Other measured pieces: extraction states precision/recall ≈ 1.00 / 0.92; the
regime gate scores 1.00 precision/recall separating finite from continuous on a
clean corpus (it's brittle on deliberately *mixed* inputs — an open problem).

## Documentation

| doc | contents |
|---|---|
| [`docs/index.md`](docs/index.md) | overview and where to start |
| [`docs/architecture.md`](docs/architecture.md) | the op-amp model in depth; the pipeline; refusal-as-stabilizer |
| [`docs/usage.md`](docs/usage.md) | install, the API, the CLI, configuration, bring-your-own-backend |
| [`docs/results.md`](docs/results.md) | the measured results, method, and honest scope |
| [`docs/api.md`](docs/api.md) | reference for every public function |
| [`docs/faq.md`](docs/faq.md) | "do I need a GPU?", "what models?", "does it work offline?" … |

## Repository layout

```
src/llm_feedback_control/   the package (zero-dependency, pure standard library)
  llm.py                    the LLM client + injectable backend + a doctor()
  auditor.py                the negative-feedback pipeline (run_audit)
  feedback.py               the bounded positive-feedback loop (extract_iterative)
  __main__.py               the `lfc` command-line tool
experiments/                repro scripts for the measured results (not shipped)
aws/                        optional: run a large ceiling model on EC2 (not shipped)
docs/                       the documentation suite
tests/                      deterministic tests (no model / no network)
```

## Honest scope

- **A reliability architecture, not a model improvement.** The win is "the system
  knows what it can compute exactly and refuses the rest" — orthogonal to model
  scale.

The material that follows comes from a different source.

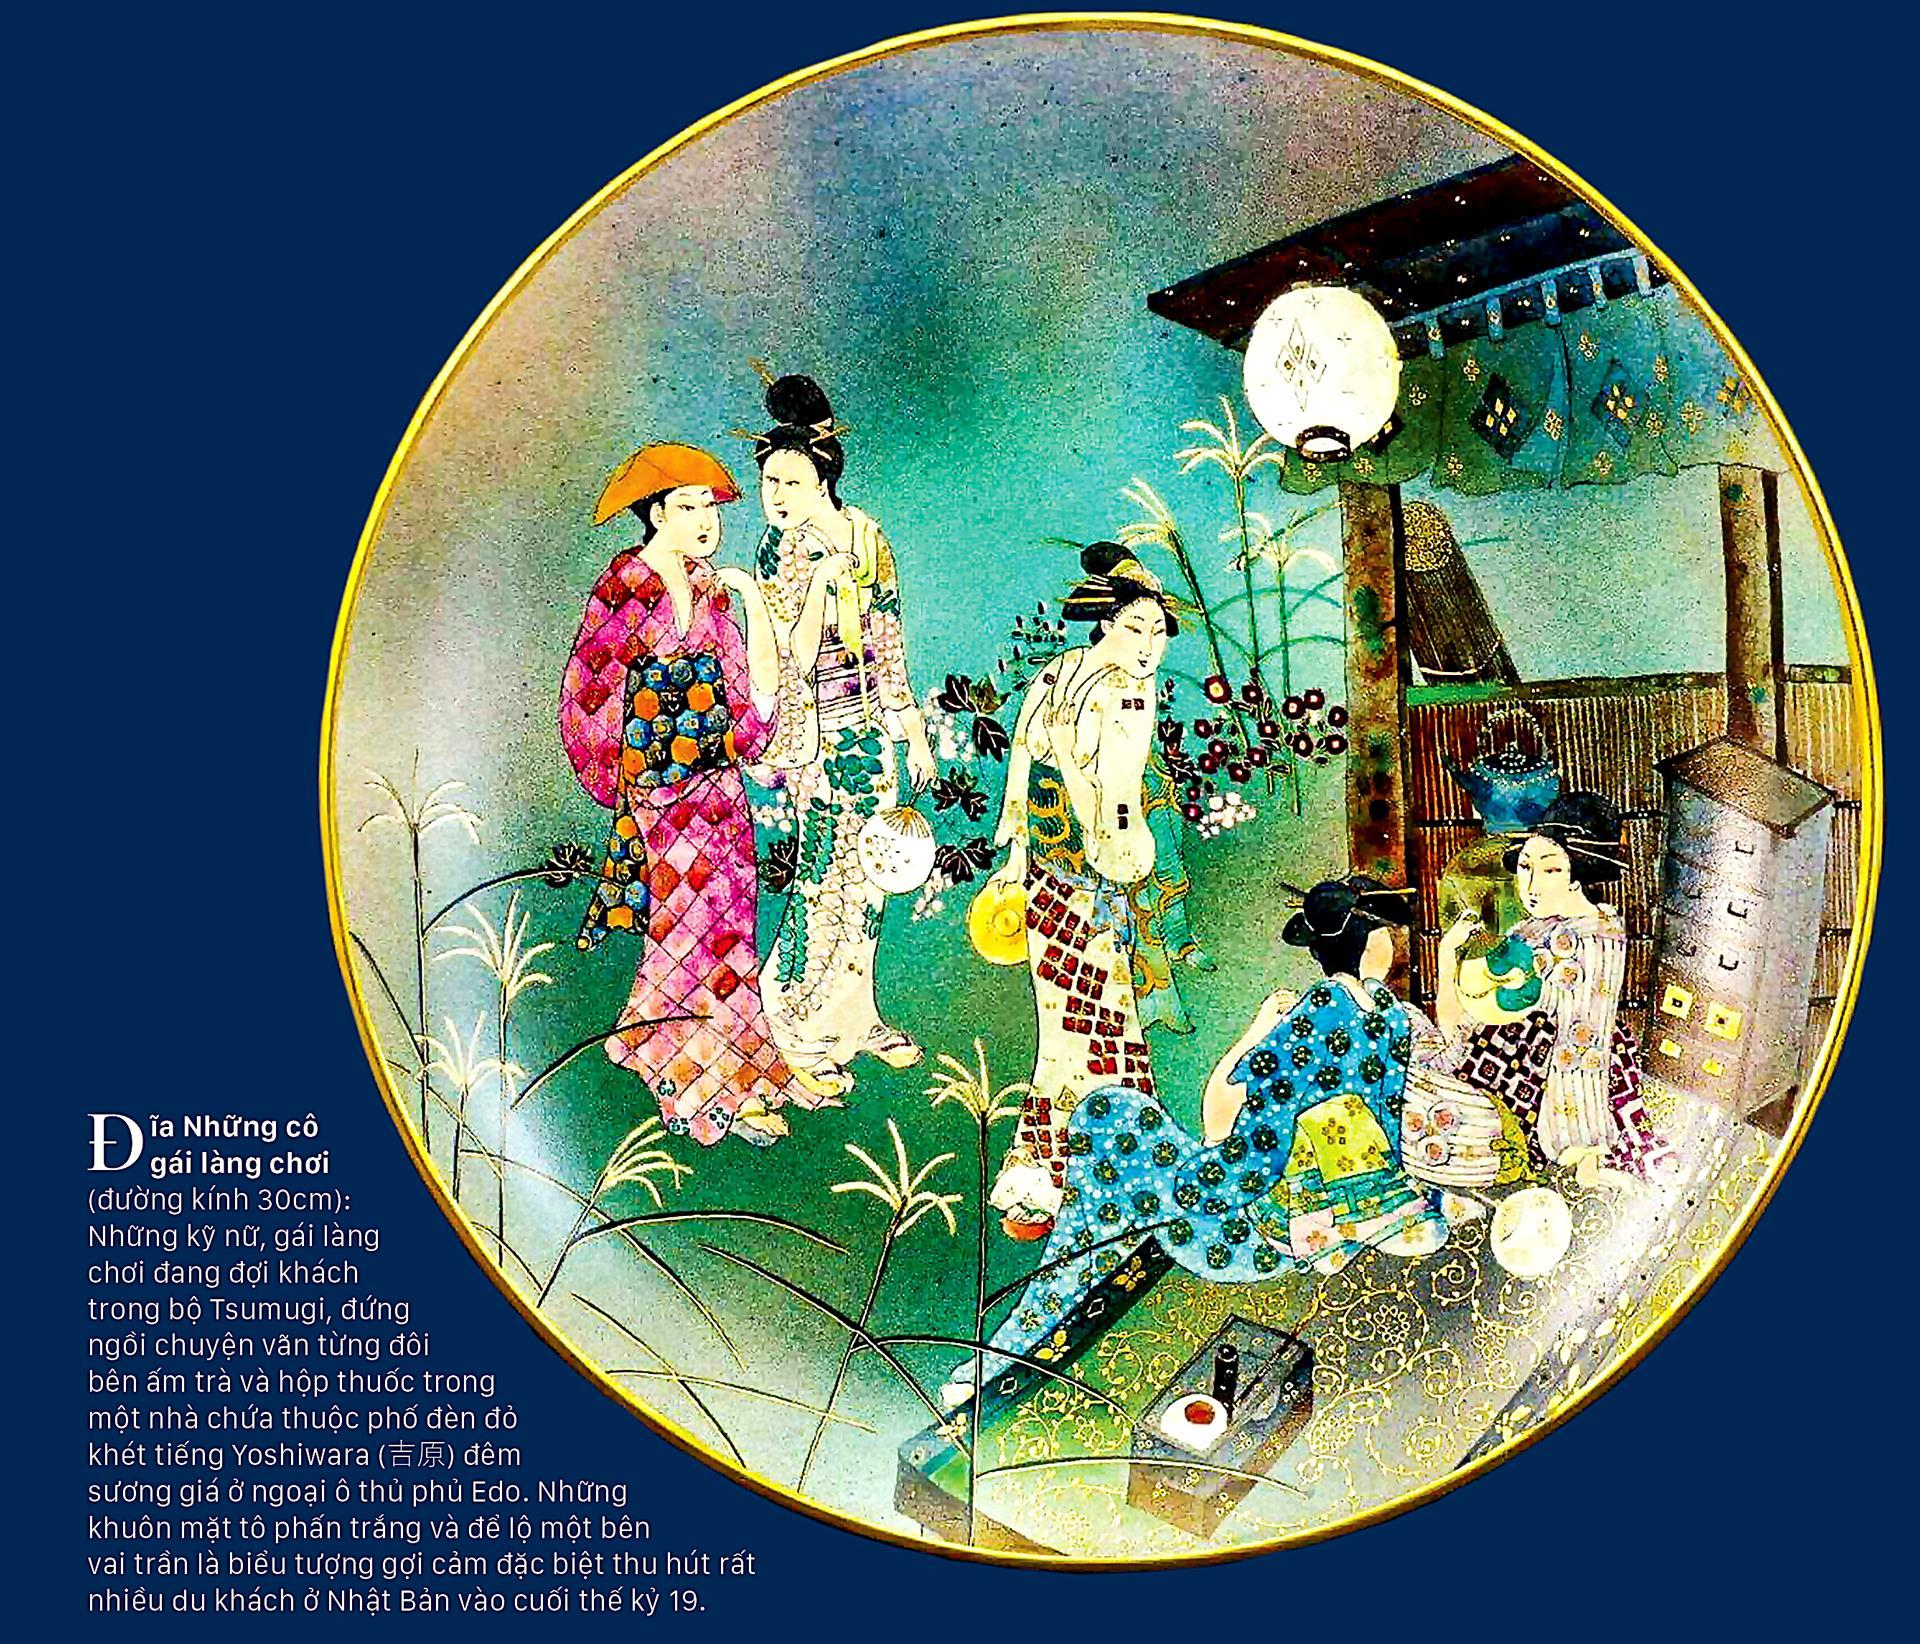 Tao nhã trang phục Kimono trên gốm cổ ảnh 4

It helps on the *structured / verifiable slice* (workflows, state
  machines, configs), not open-ended generation.
- **It uses no special mathematics.** The deterministic reference is plain
  graph/text consistency. (The finite-field "spectral fingerprint" is an *optional*
  extra exact check, honestly redundant with graph analysis for most workflow
  audits — keep it or ignore it.)
- **Needs a deterministic reference.** Where there's nothing to check against, the
  gate (correctly) refuses to claim exactness.
- **Results are indicative.** Small corpora; treat the numbers as direction, not
  guarantees.

## Origin

This project is the practical, validated spin-off of an internal research
investigation. The investigation's grander mathematical claims did not hold up
under measurement; this engineering architecture — LLM feedback control with
refusal-as-stabilizer — is the part that did. It stands on its own.

## License

MIT with an attribution clause — see [`LICENSE`](LICENSE).
Built with llm-feedback-control by Edward Chalk (sapientronic.ai).